The game introduces Prosperity, the new home base of Hope County’s community, and – for some reason – entirely your responsibility to maintain as The Protagonist Who Just Kind of Conveniently Turned Up So Everybody Else is Off the Hook, Lol. This includes finding and recruiting specialists, and upgrading facilities with looted resources to expand your inventory of available things. Upgrading the Workbench, for example, will unlock additional and improved guns, upgrading the Expeditions camp unlocks fast travel destinations, and upgrading the Cartographer unlocks… bonus maps. Some facilities are more immediately useful than others, I suppose, but these home base improvements keep you busy between missions and provide a meaningful sense of progression so that’s an A+ innovation for the series.
There’s also a junkyard demolition derby. A junkyard demolition derby, you guys.
Far Cry New Dawn also adds some zany new guns into the mix, but – because this is the end of everything, remember – you’ll mostly have to scavenge scrap for parts to build and level up your gear. The buzz-saw launcher is an instant must-have that I kept with me throughout the game, dissecting enemies with a grotesque but sort of mesmerising elegance, but as with Far Cry 5, I also relied on the subtle sophistication of a bow. The problem with this otherwise totally versatile loadout, however, is that I got stuck in a boss encounter in the game’s finale and after a number of frustrating fails and swears, had to quit out, completely reorganise my things, and start the mission over. I’d managed to accumulate enough this and that to purchase the necessary – and drearily ordinary – arsenal of LMG, shotgun, and assault rifle without extra chores, but less scrupulous savers could find themselves in big trouble here. Besides, a boss encounter? Like, a legit boss-with-mega-hit-points-and-spells-and-stuff encounter? In a Far Cry game? Um, thanks but no.
And it’s not the only issue. Critics were divided on Far Cry 5’s absurd premise and conclusion, but I loved it. This one? Not so much. The premise is equally preposterous, but the conclusion lacks in… I dunno, conclusion. Ostensibly, the psycho twins make for a unique and intriguing villain ensemble, but unless I missed some important (collectible, but it’s not an excuse?) exposition, they don’t make sense. And by definition, maybe, psychos don’t have to make sense – but the cutscenes seem to imply that there’s more to this campaign of carnage, some bleak inheritance of domestic disorder, a scandalous family secret, perhaps – but that’s it. Implication. And not the English class book assignment but-okay-but implication that provokes thoughtful analysis and introspection, but instead superficial pretensions of plot that end abruptly without even a moment of almost-epiphany. It’s probably also a metaphor, but it doesn’t matter. And I’m not counting what happens with The Father and Eden’s Gate, because it doesn’t matter either. That’s probably a metaphor too, but so what? It doesn’t matter. Roll credits, and get back to slapping mutant moose for XP. Far Cry 5’s finish might’ve been questionable, but Far Cry New Eden’s is an anticlimax. And with so much potential wasted, that’s even worse.

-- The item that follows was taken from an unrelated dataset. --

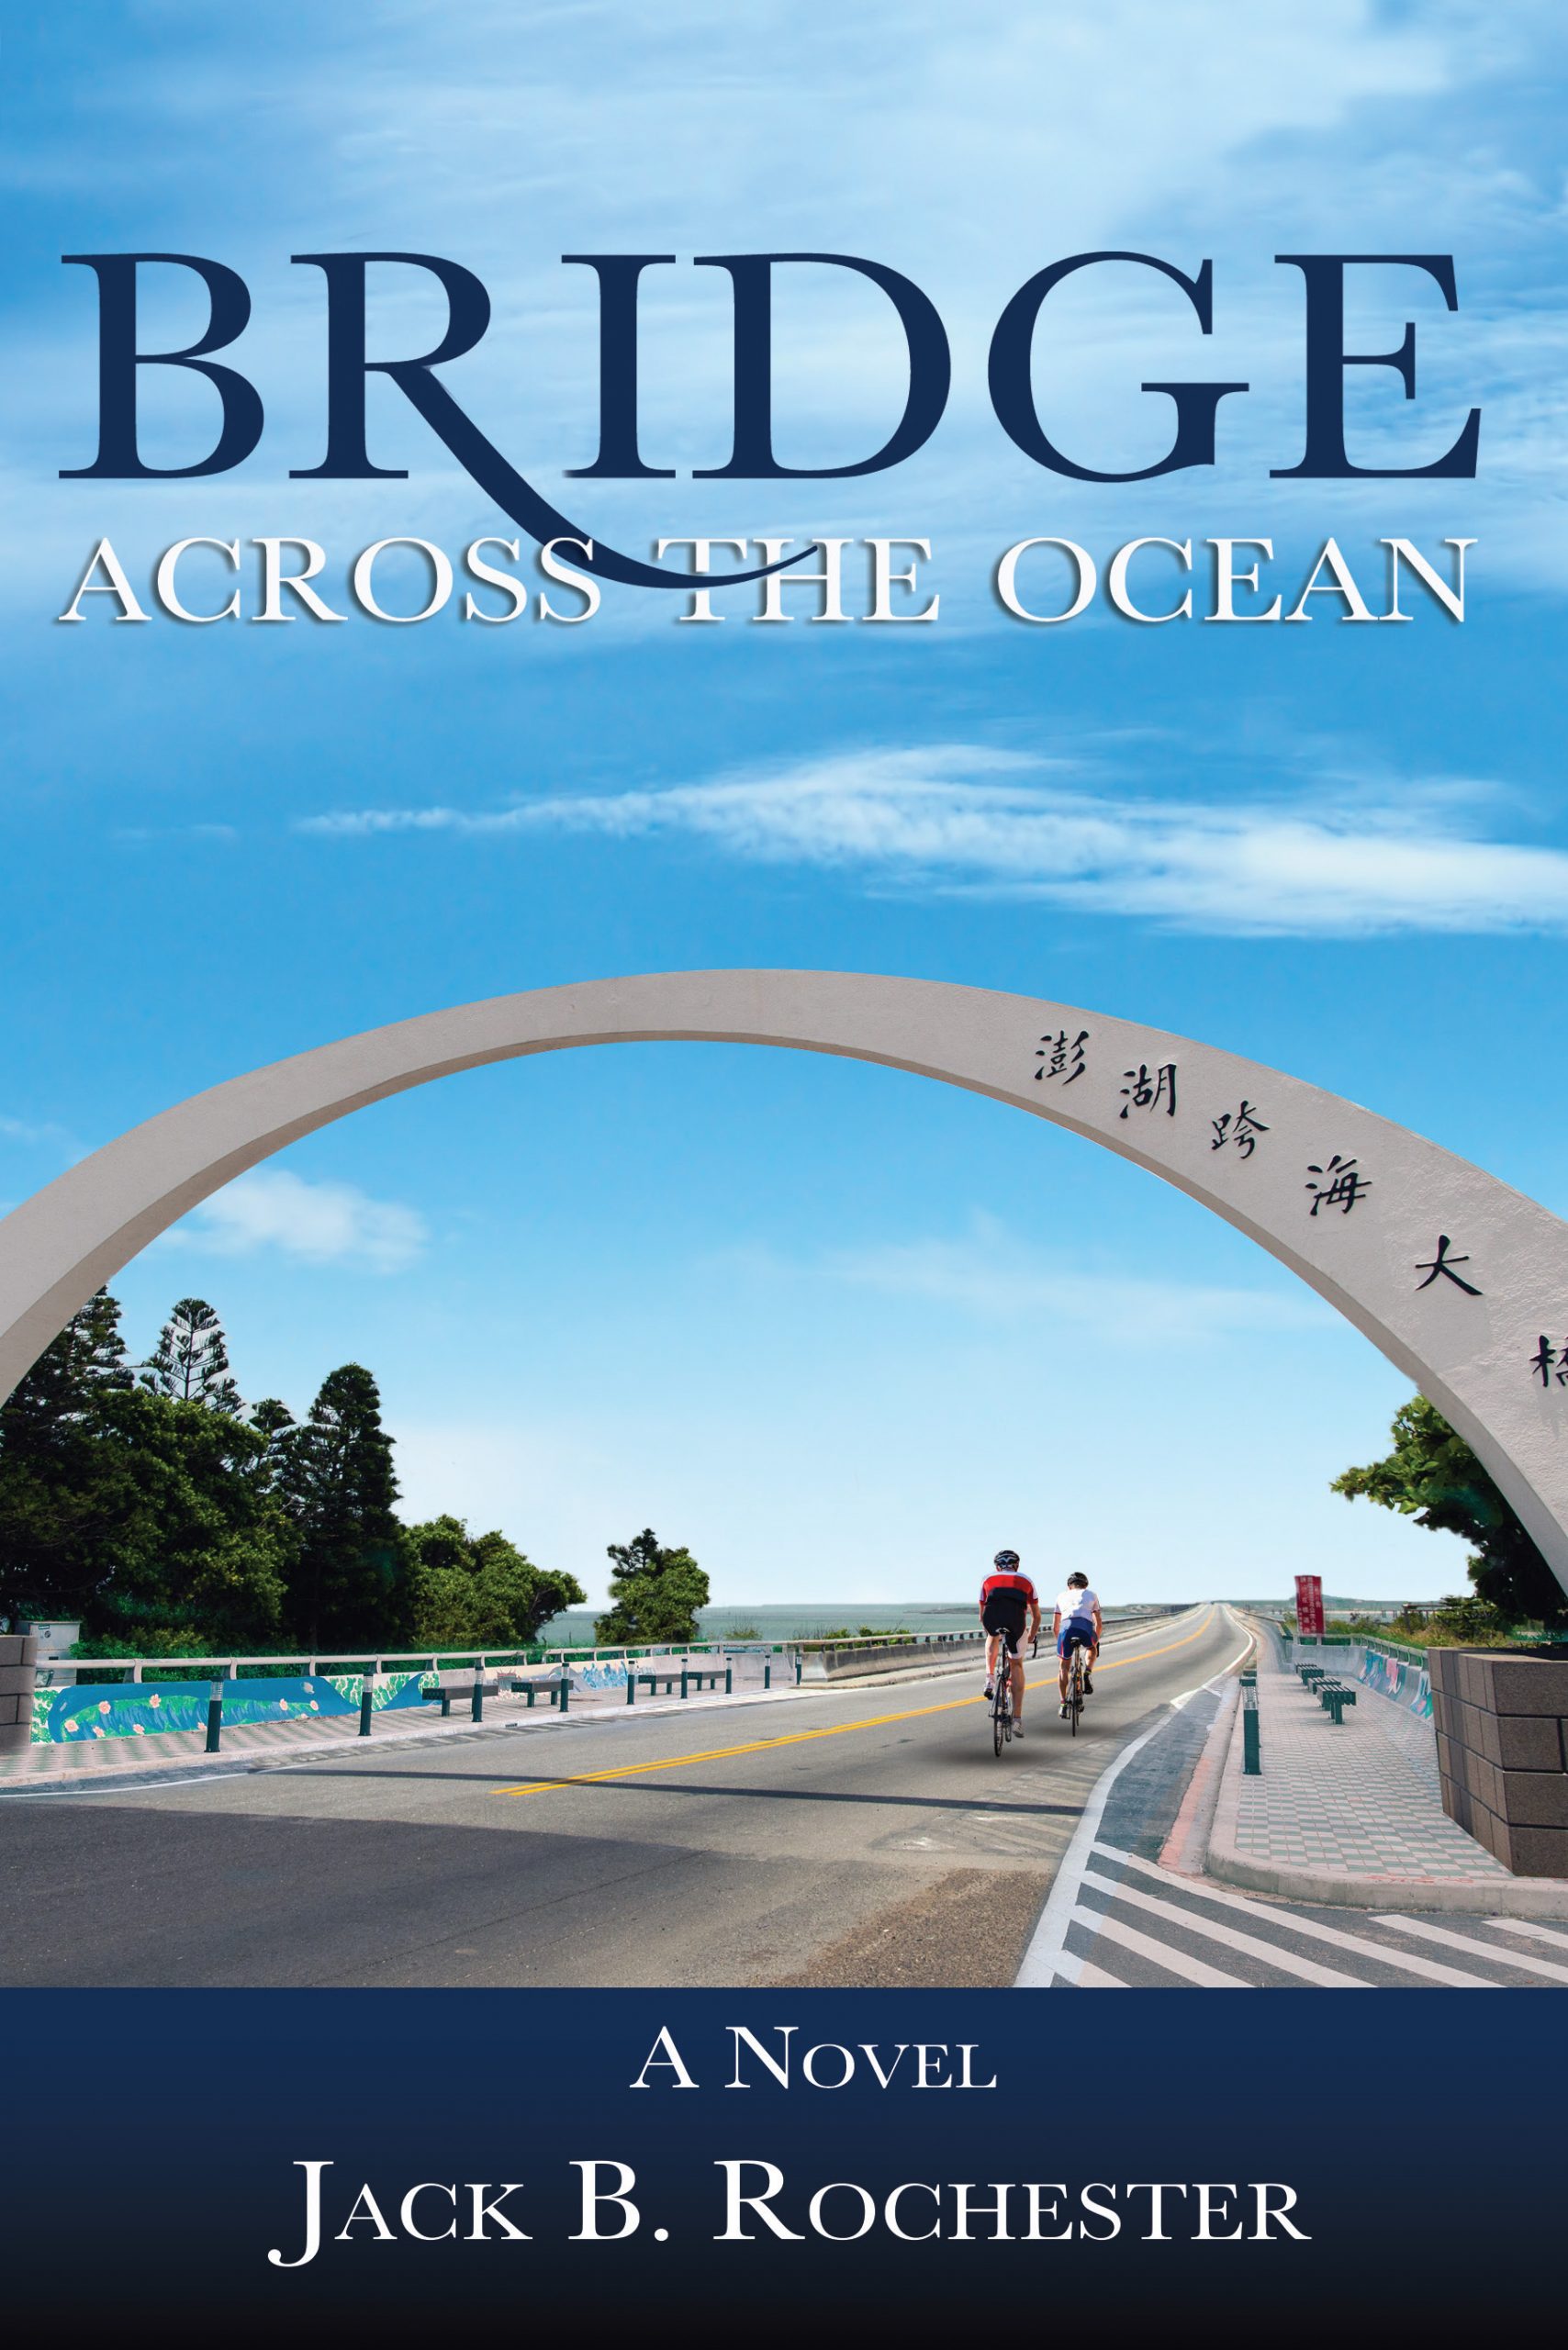 Bridge Across The Ocean PB Cover Final.indd

And it sucks, because Far Cry New Dawn is a lot of fun. With its gaudy, idiosyncratic same-but-different sandbox of silly anarchy and cartoonish ultra-violence, its cast of eccentric characters, and its infinite to-do list of stupid shit, the game is a compelling diversion from the austere drama of other recent franchise FPSes like Call of Duty and Battlefield. I love the silly anarchy and cartoonish ultra-violence, the eccentric characters and stupid shit – that’s what Far Cry is about – but I also want it to matter. Even dropping bombs matters. The twins should’ve dropped bombs. That would matter, because whatever our endeavours and accomplishments and profound existential realisations, everybody is going to die and it doesn’t matter. That’s probably a metaphor.